Former Colombian President Álvaro Uribe was sentenced to 12 years in the House of Representatives for witness tampering and fraud charges.
The 73-year-old is the first former president in the country to be convicted of a crime. He was also banned from public office and fined $578,000 (£435,000).
Uribe told a judge in Bogota that he would appeal his conviction. He said the purpose of the case was to “destroy the voices of the democratic opposition.”
He served as president from 2002 to 2010 and was still popular in Colombia despite being accused of working with right-wing paramilitaries to destroy leftist rebel groups. He denied the claim.
The former president was convicted On Monday, two charges have been 13 years in a case where witnesses were assaulted.
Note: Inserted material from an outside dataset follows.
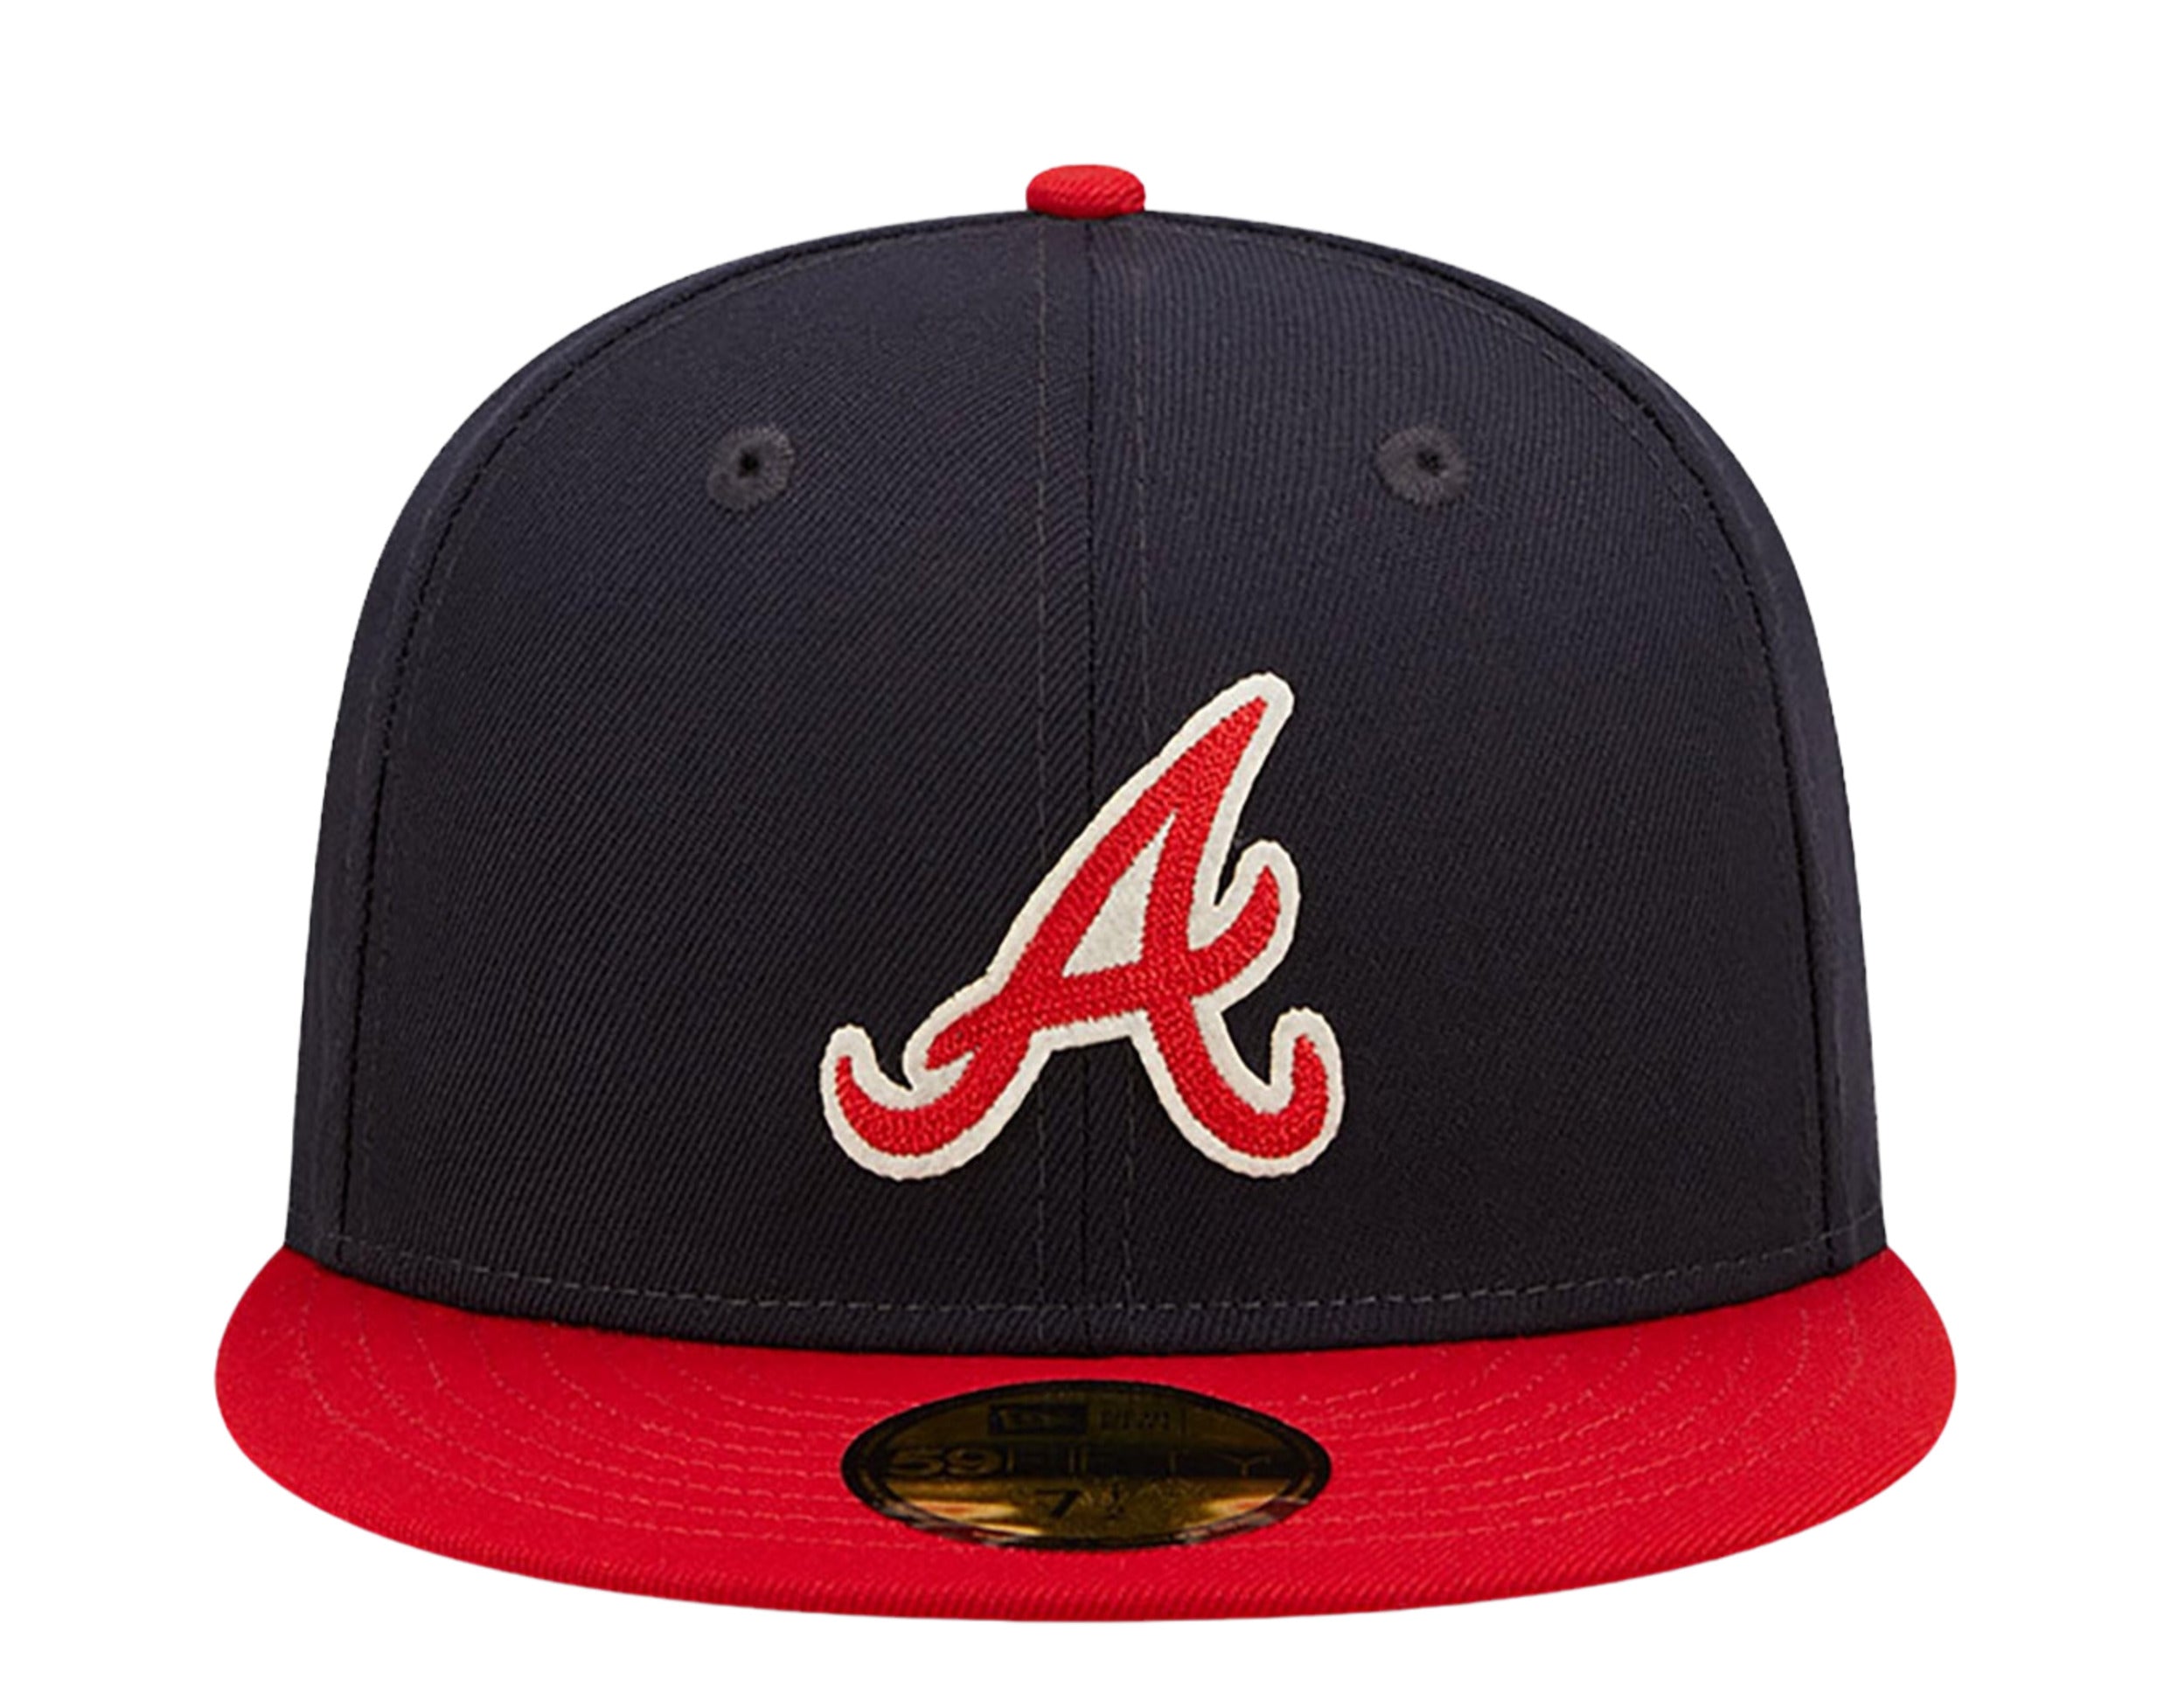 Shop New Era 59Fifty Atlanta Braves Letterman Fitted Hat 60296436

Two predecessor soldiers sentenced to jail provided evidence that Uribe’s former lawyer Diego Cadena provided them with money to prove Uribe’s support.
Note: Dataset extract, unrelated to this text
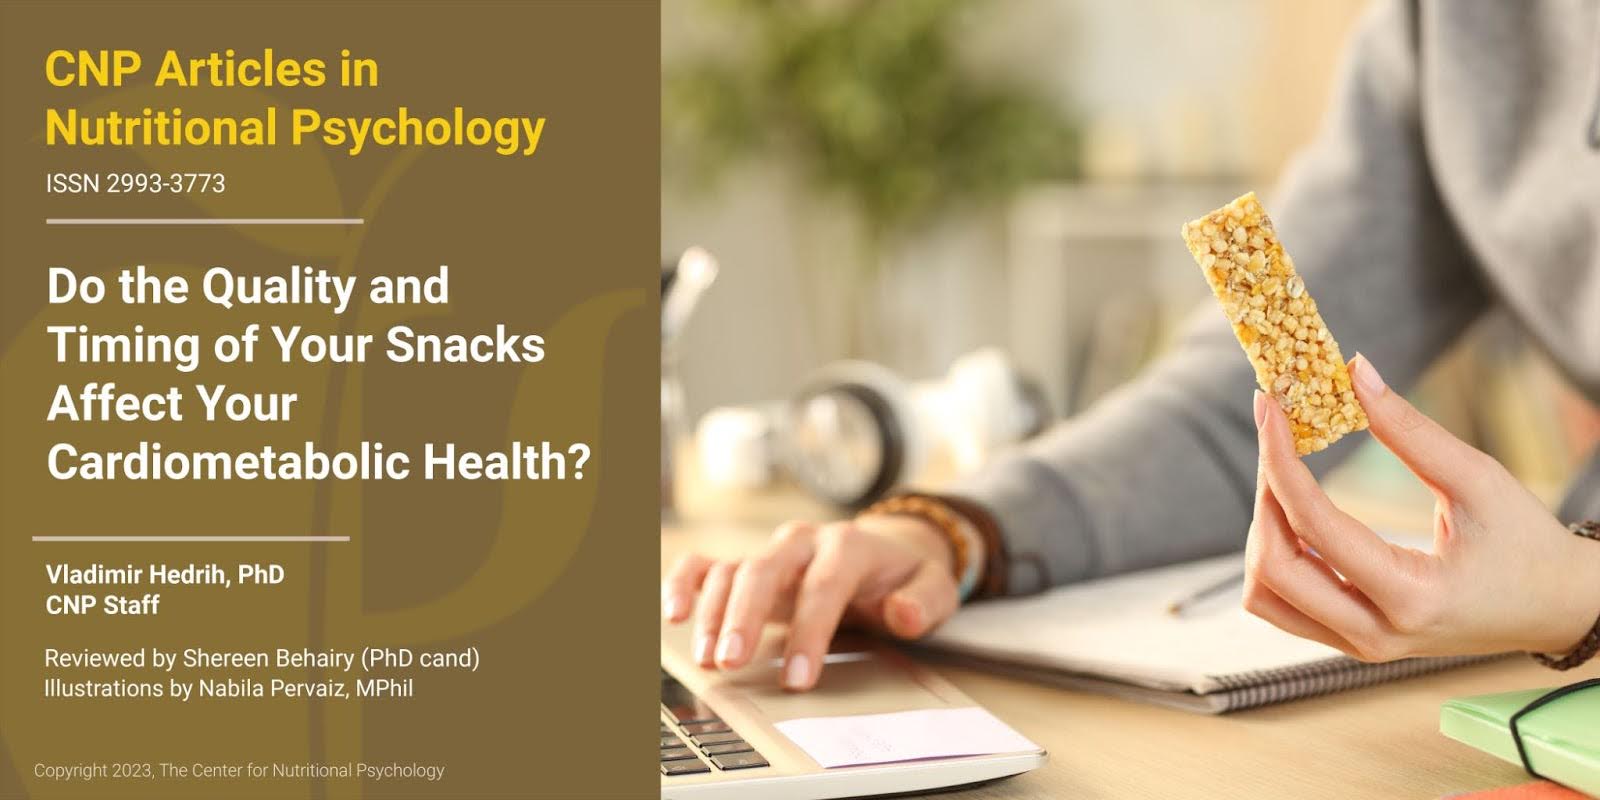 Do the Quality and Timing of Your Snacks Affect Your Cardiometabolic Health?

Cadena also faces charges, who denied the charges and testified along with several other former products to represent Uribe.
Earlier this week, U.S. Secretary of State Marco Rubio condemned Uribe’s conviction and accused Colombian judiciary of being weaponized.
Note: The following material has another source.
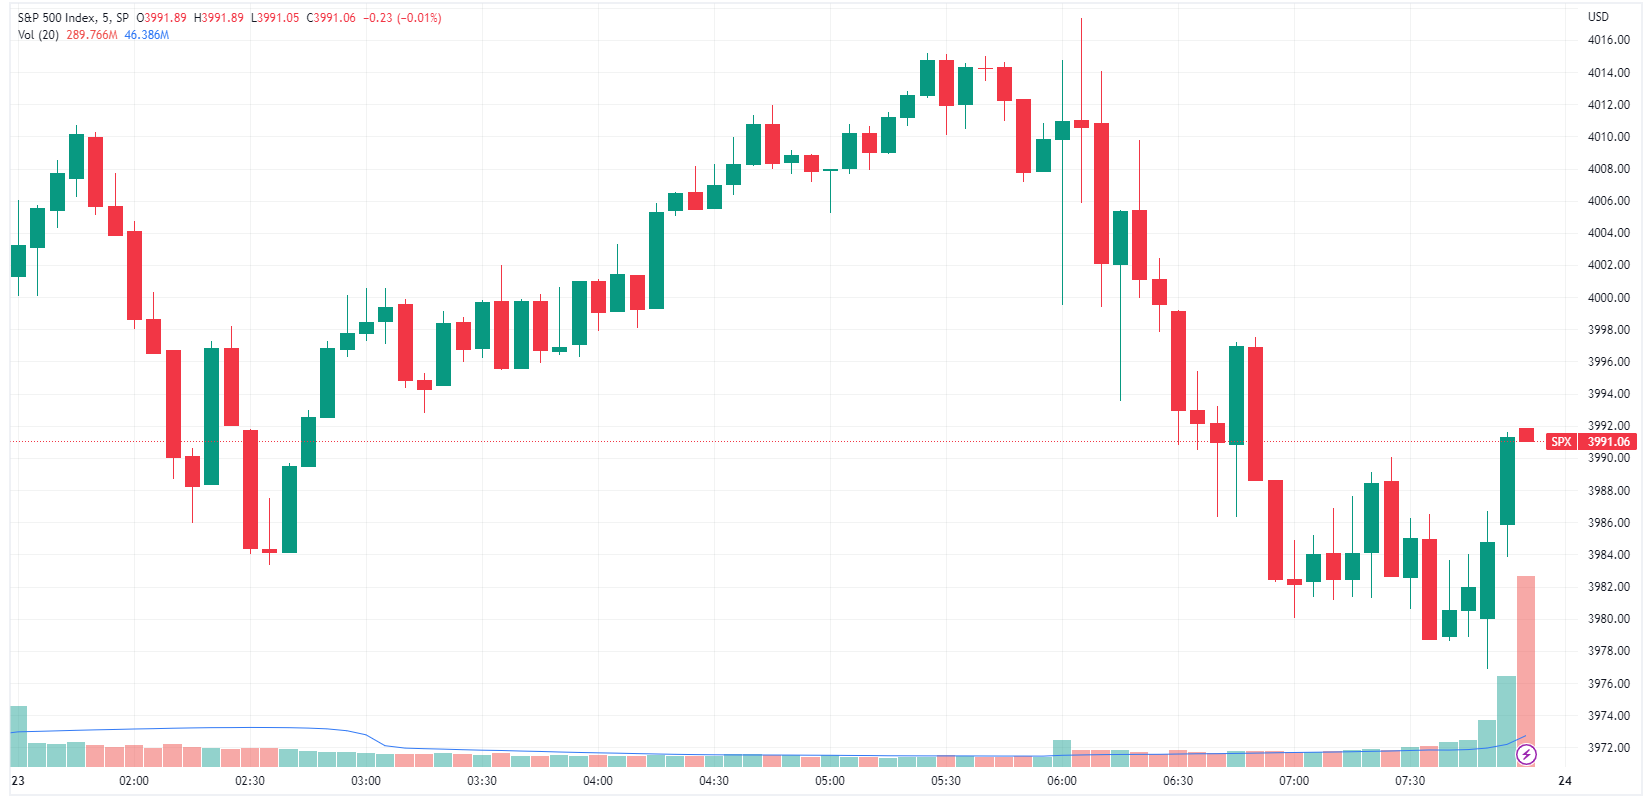 S&P 500 opens higher but slumps on Fed minutes, down for a fourth consecutive session (Source: TradingView)

Rubio wrote on social media that the former president’s “only crime is to fight relentlessly and defend his homeland.”
The paramilitary group emerged in Colombia in the 1980s with a clear goal of undertaking poverty and marginalization. They fought with the Marxist guerrilla groups in the style of Marxism with the Marxist guerrillas that fought the state twenty years ago.
Many armed groups that developed during the deadlock have earned income from the cocaine trade. Their deadly battle with the state has brought lasting competition to trafficking routes and resources.
Uribe has been praised by Washington for his hard-working attitude towards the rebels of the left-wing Colombian revolutionary armed forces — but a split politician, critics say he has not paid for his efforts to address inequality and poverty in the country.
The Colombian Revolutionary Armed Forces signed a peace agreement with Uribe’s successor in 2016, although violence by disarmament groups in Colombia remains.